António Cagica Rapaz

Um jogador de futebol que escreve, é pouco comum. Frequente é a proliferação de biografias das grandes vedetas, com mil fotografias, textos laudatórios, panegíricos exaltadores das qualidades dos ídolos, evocação exaustiva dos feitos gloriosos, golos marcados, troféus conquistados, tudo centrado na figura do futebolista famoso.

Nada disto espera quem tiver a bondade de ler este livro. Nunca fui vedeta, não passei de razoável praticante, apenas fui capitão de uma modesta selecção de Setúbal, em juniores, em 1962, minha única e obscura distinção. De resto, fui um estudante que jogava ou um futebolista que estudava, não sei bem. Limitei-me a passar pelo futebol, a atravessar os campos, correndo atrás da bola e, sobretudo, de um cursozinho de Letras.

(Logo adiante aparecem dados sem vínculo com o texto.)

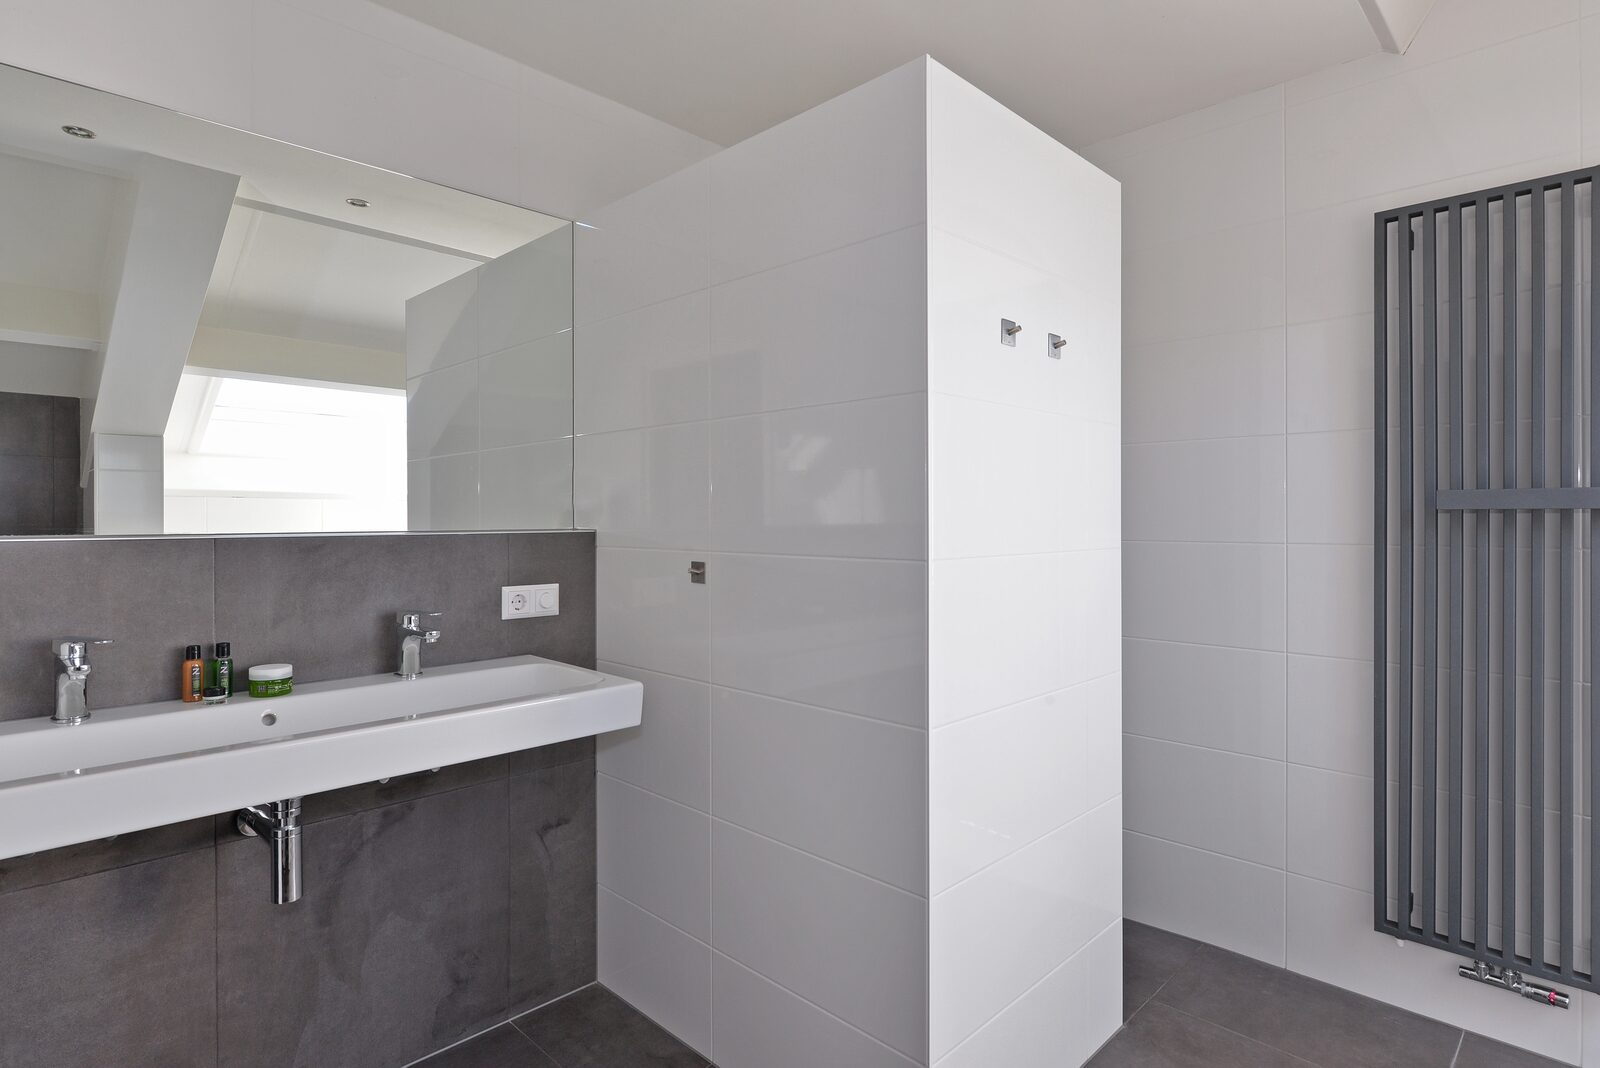 Penthouse XL | Schotsman Watersport

Fui amador em Sesimbra, não-amador na Académica, profissional na CUF e acabei (prematuramente, aos 27 anos) a minha carreira em Belém.

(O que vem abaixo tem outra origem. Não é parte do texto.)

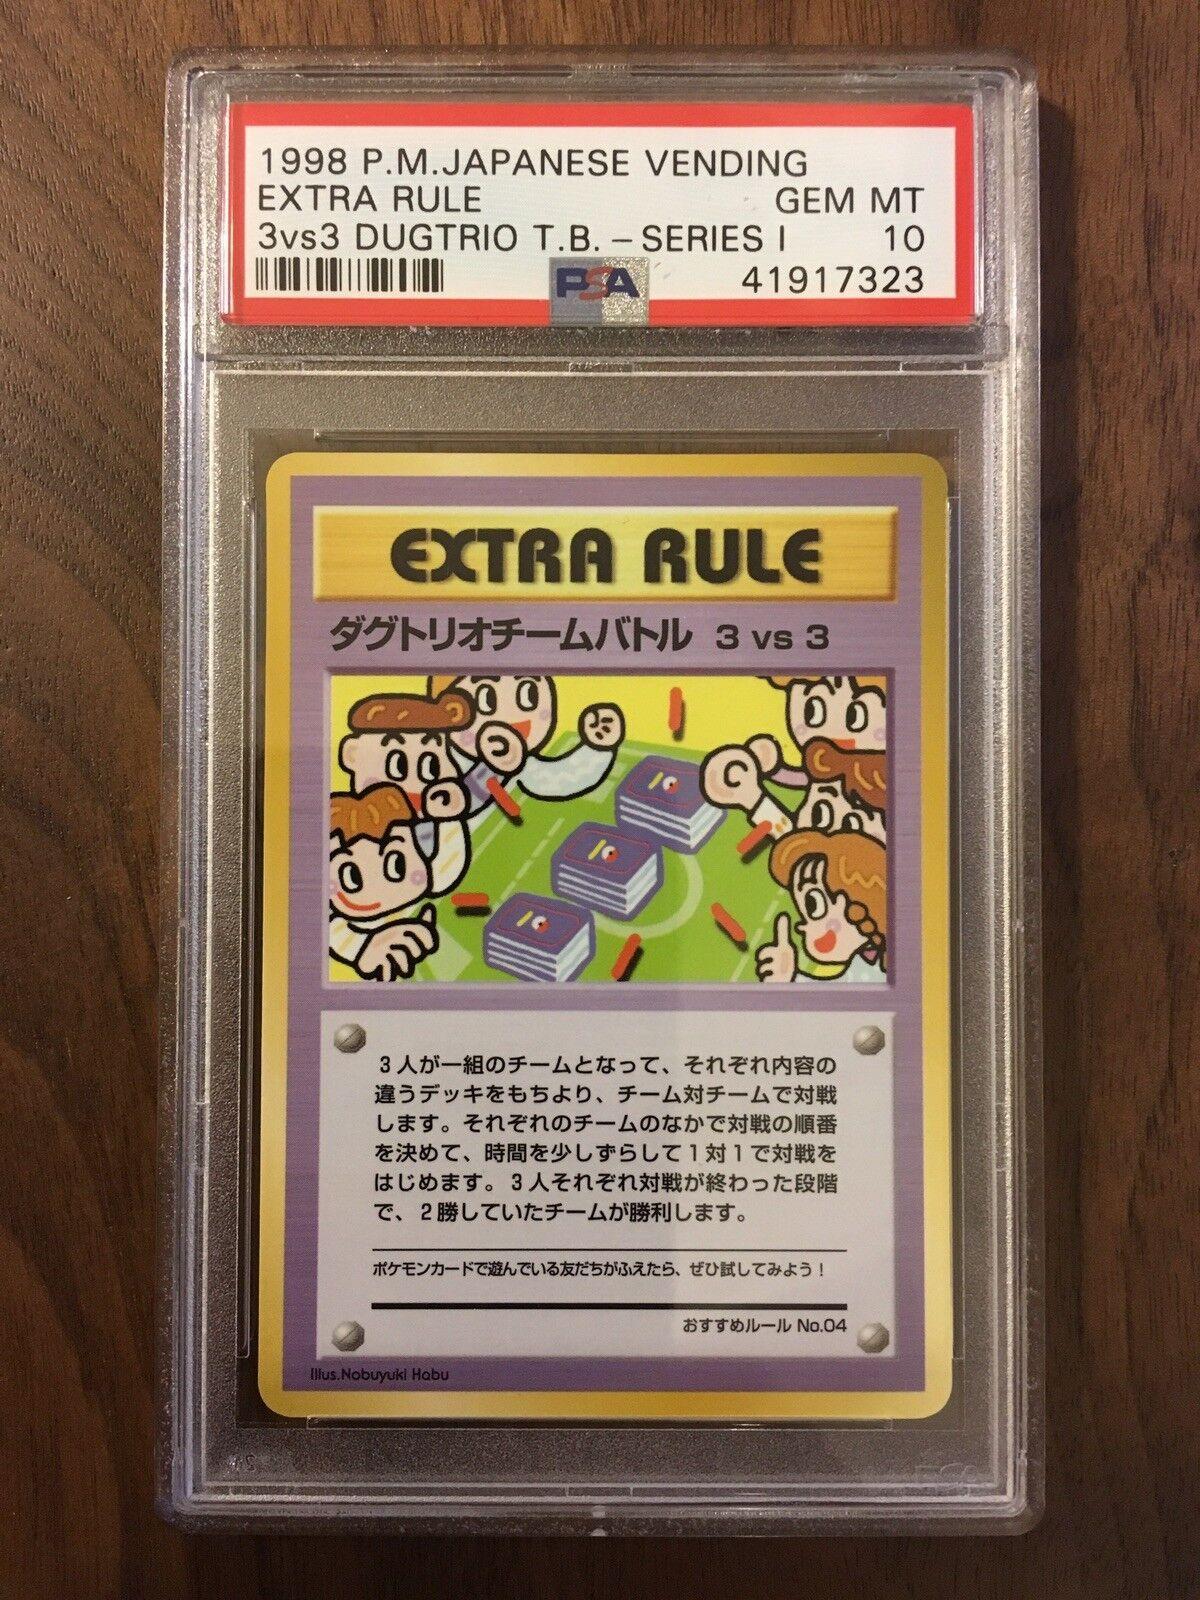 Pokémon - japanische - serie 3 - 3   3 dugtrio team battle (artikel 10) psa

Curiosa e ironicamente, a minha relação com o futebol teve início e fim no Restelo. O meu pai era sócio e, lá em casa, éramos todos do Belenenses. Chorei quando o Martins tirou o título ao Belenenses, em 1955, ao cair do pano, nas Salésias. E assisti à inauguração do estádio do Restelo, em dia chuvoso. O meu ídolo era o Matateu…

Comecei a escrever crónicas, em 1971, no Diário de Lisboa, a convite de Jorge Soares que me entrevistou sobre o momento atribulado do Belenenses, e o meu primeiro escrito foi sobre o meu conterrâneo Fragata, um espantoso jogador que nunca saiu de Sesimbra. Depois, centenas de crónicas se seguiram, em vários jornais e na rádio…

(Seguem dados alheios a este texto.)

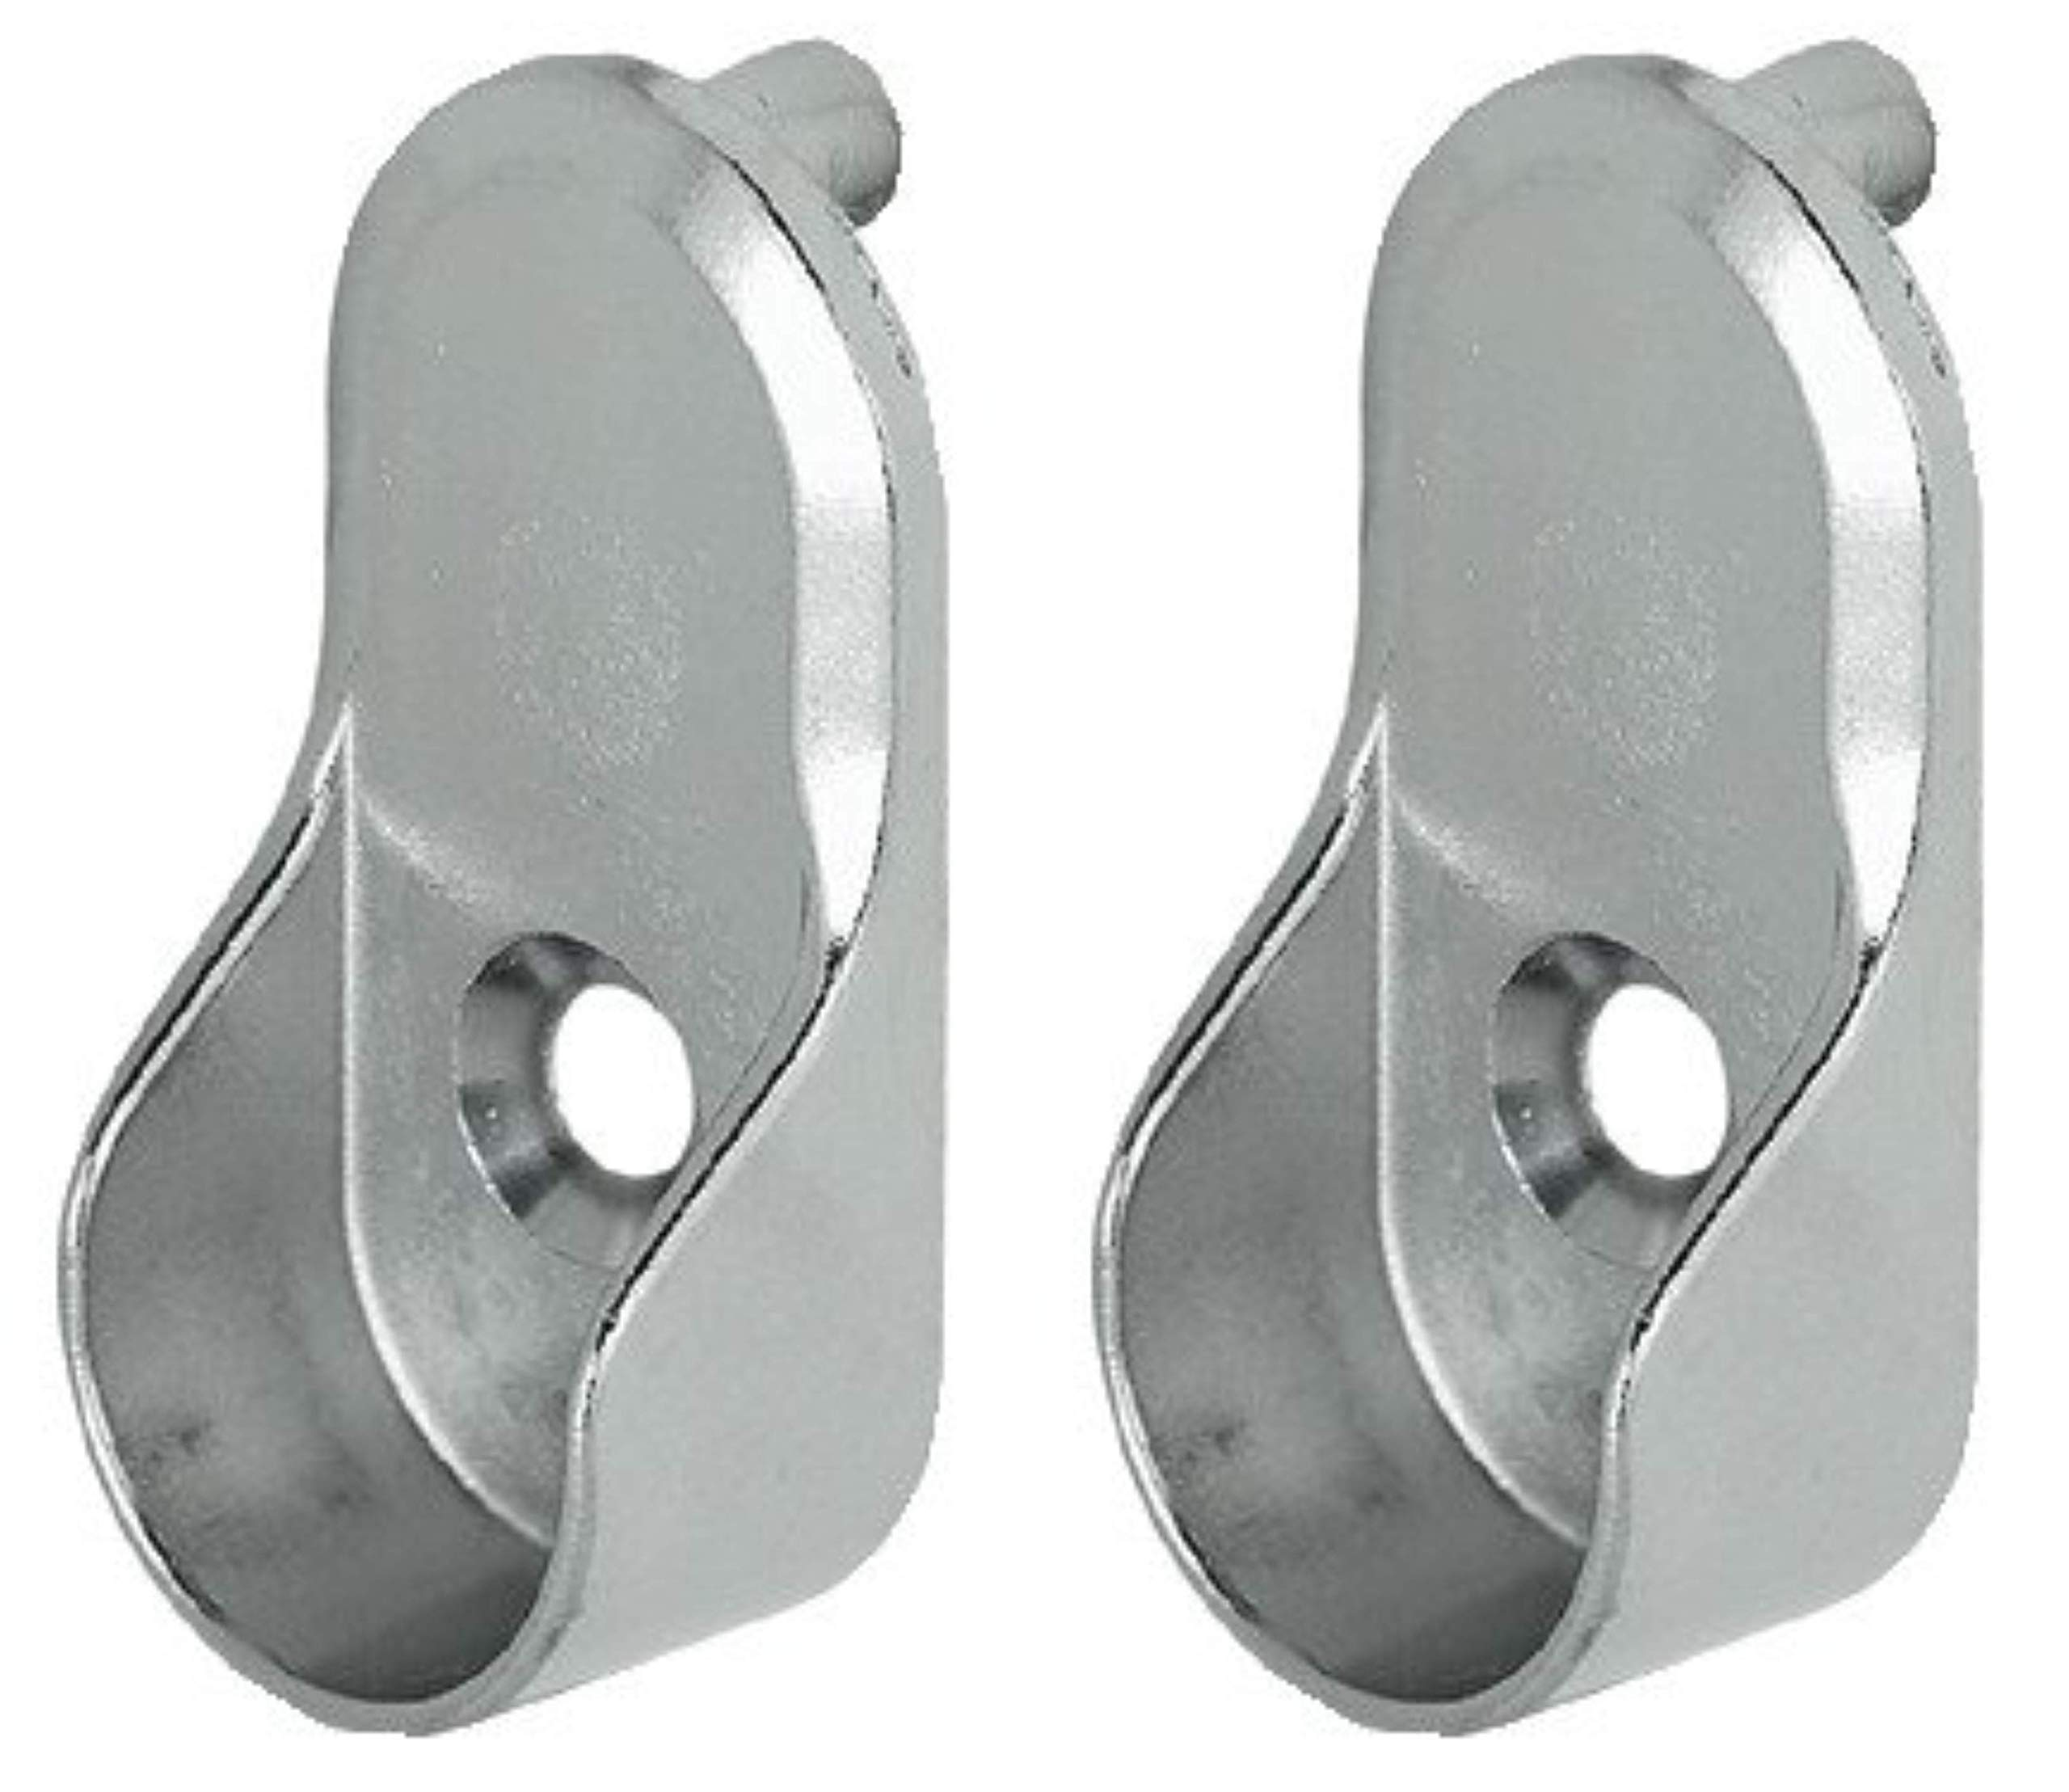 Fischer GKM FIXINGS Plaster Board Dowel /Ø 4-5 X 31MM FIXINGS Screws Included Box Size x100

O título desta colectânea designa, por um lado, a função que mais me agradou desempenhar como jogador e evoca, por outro, a primeira rubrica que criei, no Diário de Lisboa, como mais à frente se verá.

O sub-título é uma homenagem ao incomparável Camilo José Cela que descobri ao ler os seus delirantes e fascinantes Onze contos de futebol. Perfidamente diria que consegui fazer mais do que o Nobel Camilo. Melhor é impossível…

Devo confessar que utilizei a designação de contos sobretudo para introduzir a alusão a mestre Cela, já que, na realidade, a maioria dos textos aqui apresentados não são contos mas crónicas que ilustram o que julgo ser um outro olhar, uma abordagem diferente ao universo futebolístico.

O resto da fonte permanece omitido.